Борис Иванович, в соответствующем стилю письма жанре, нарисовал к нему заголовок и концовку. По бокам текста шел незамысловатый орнамент, как бы связывающий в одно целое заголовок, текст и концовку. Ваня Шпульников, списанный недавно из-за желудочной язвы с торпедного катера и помогавший Борису Ивановичу, взял этот рисунок и стал переводить через копирку на линолеум, чтобы потом вырезать плашку для печатной машины.
Мы достали на складе остатки хорошей плотной бумаги и сами всю ночь крутили ротационную машину. К утру тираж был готов. На тысяче экземпляров послания рисунки были подкрашены, а орнамент позолочен.
Наутро вместе с газетой во все подразделения было разослано и это послание. И каждый считал его лично своим посланием. Многие, по примеру Кукушкина, на переднем крае понаделали можжевеловые луки и, защемив в стрелу послание, запускали его через колючку на финскую сторону. Финны отвечали пулеметными очередями и минометным огнем.

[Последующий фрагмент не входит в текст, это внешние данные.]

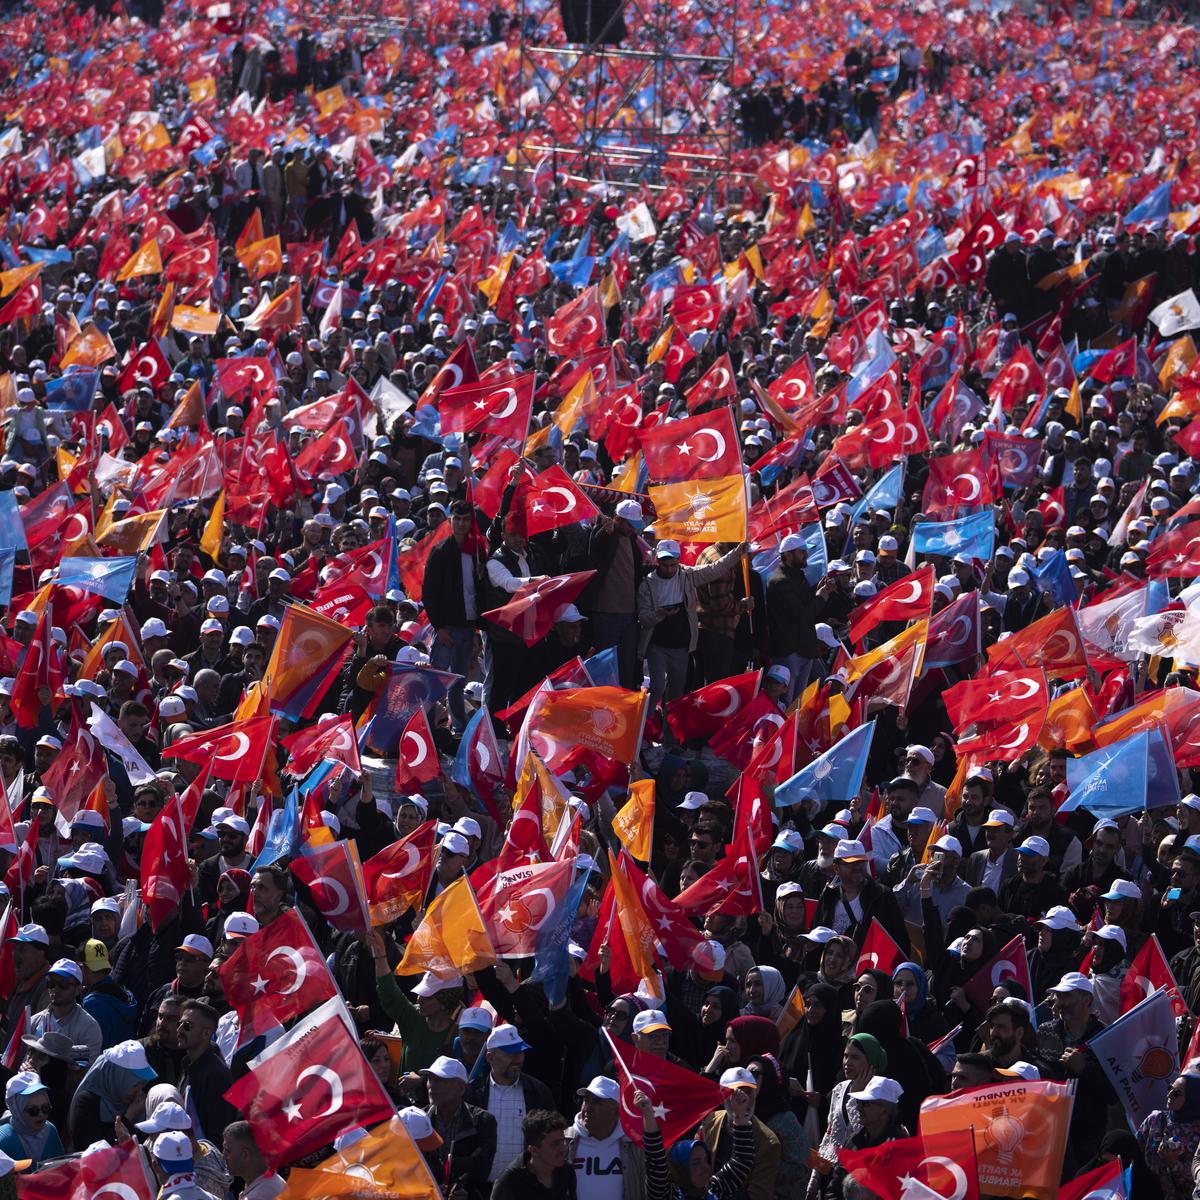 Turkey voters weigh the final decision on next President

Герой нашего полуострова летчик Бринько тысячу подкрашенных экземпляров послания сбросил над Хельсинки. Говорят, что один лист через форточку залетел в кабинет Маннергейма. Я не знаю, что было с маршалом. Он превосходно читал и говорил по-русски.
Ответного послания от маршала мы не получили, и на этом наша дипломатическая переписка окончилась.
Г л а в а д в а д ц а т ь в о с ь м а я
МЫ ЕЩЕ ВЕРНЕМСЯ
Очень я не люблю слово «был» за его страшную беспощадность. Это слово, особенно для тех, кто побывал на войне, как кладбище. В нем судьба друзей, кровь друзей, на полях войны отдавших самое дорогое — жизнь, ради нашей жизни, ради нашей победы, ради того, чтобы сирень пахла сиренью и влюбленные целовались под звездами. И все-таки, как ни тяжело, это слово нельзя выкинуть из нашего обихода. И те безымянные герои, о которых еще до сих пор втихомолку плачут матери, а невесты состарились в тоске и одиночестве, те, о которых мы говорим «они были», незримо присутствуют в нашей жизни, в нашей борьбе за справедливость. И в этом нет никакой мистики. Есть единая связь поколений в борьбе за человеческое счастье. Видимо, в ней, в этой борьбе, и есть бессмертие самого народа. У подвига нет конца, как нет конца у самой жизни.
Без памяти жить нельзя. Это понятно каждому. И как это ни тяжело для моего сердца, я не могу отказаться от беспощадного глагола «был».
…Был последний день нашего пребывания на полуострове. Дня за три до этого по всему полуострову была объявлена мертвая неделя. Финны, думая, что мы их опять заманиваем, боялись этой тишины хуже бомбежки. А наши гарнизоны по ночам бесшумно снимались со своих обжитых позиций и, заминировав передний край и дороги, двигались к причалам. К нашему счастью, начинались затяжные осенние дожди. Медленные низкие тучи без конца волочили свои мокрые подолы от горизонта до горизонта, и финские наблюдатели даже днем не могли заметить нашего передвижения.
Эвакуация началась еще в октябре, и первые части, как нам стало известно, благополучно высадились в Кронштадте. Мы уходили с последним эшелоном в ночь на третье декабря.
Два десятилетия прошло с того времени, и двадцать раз в ночь на третье декабря так же, как в ночь на двадцать второе июня, я ни разу не мог сомкнуть глаз от какой-то смутной мучительной тревоги, поселившейся в моей душе.
Первого декабря мы выпустили последний номер газеты. «Красный Гангут» на этом кончил свое существование. Сын бакинского провизора Женя Войскунский, романтик, до умопомрачения влюбленный в «Алые паруса» Грина, написал для этого номера передовую. Передовая называлась «Мы еще вернемся» и была клятвой верности и мужества. Борис Иванович Пророков нарисовал, а Ваня Шпульников вырезал на линолеуме последнюю гравюру. Она занимала три колонки в верхнем углу слева на четвертой полосе. На ней были изображены матросы и пехотинцы, идущие на незримого врага с автоматами и винтовками наперевес… Над гравюрой была шапка на всю полосу:
«Мы идем бить фашистскую сволочь и будем бить ее по-гангутски!»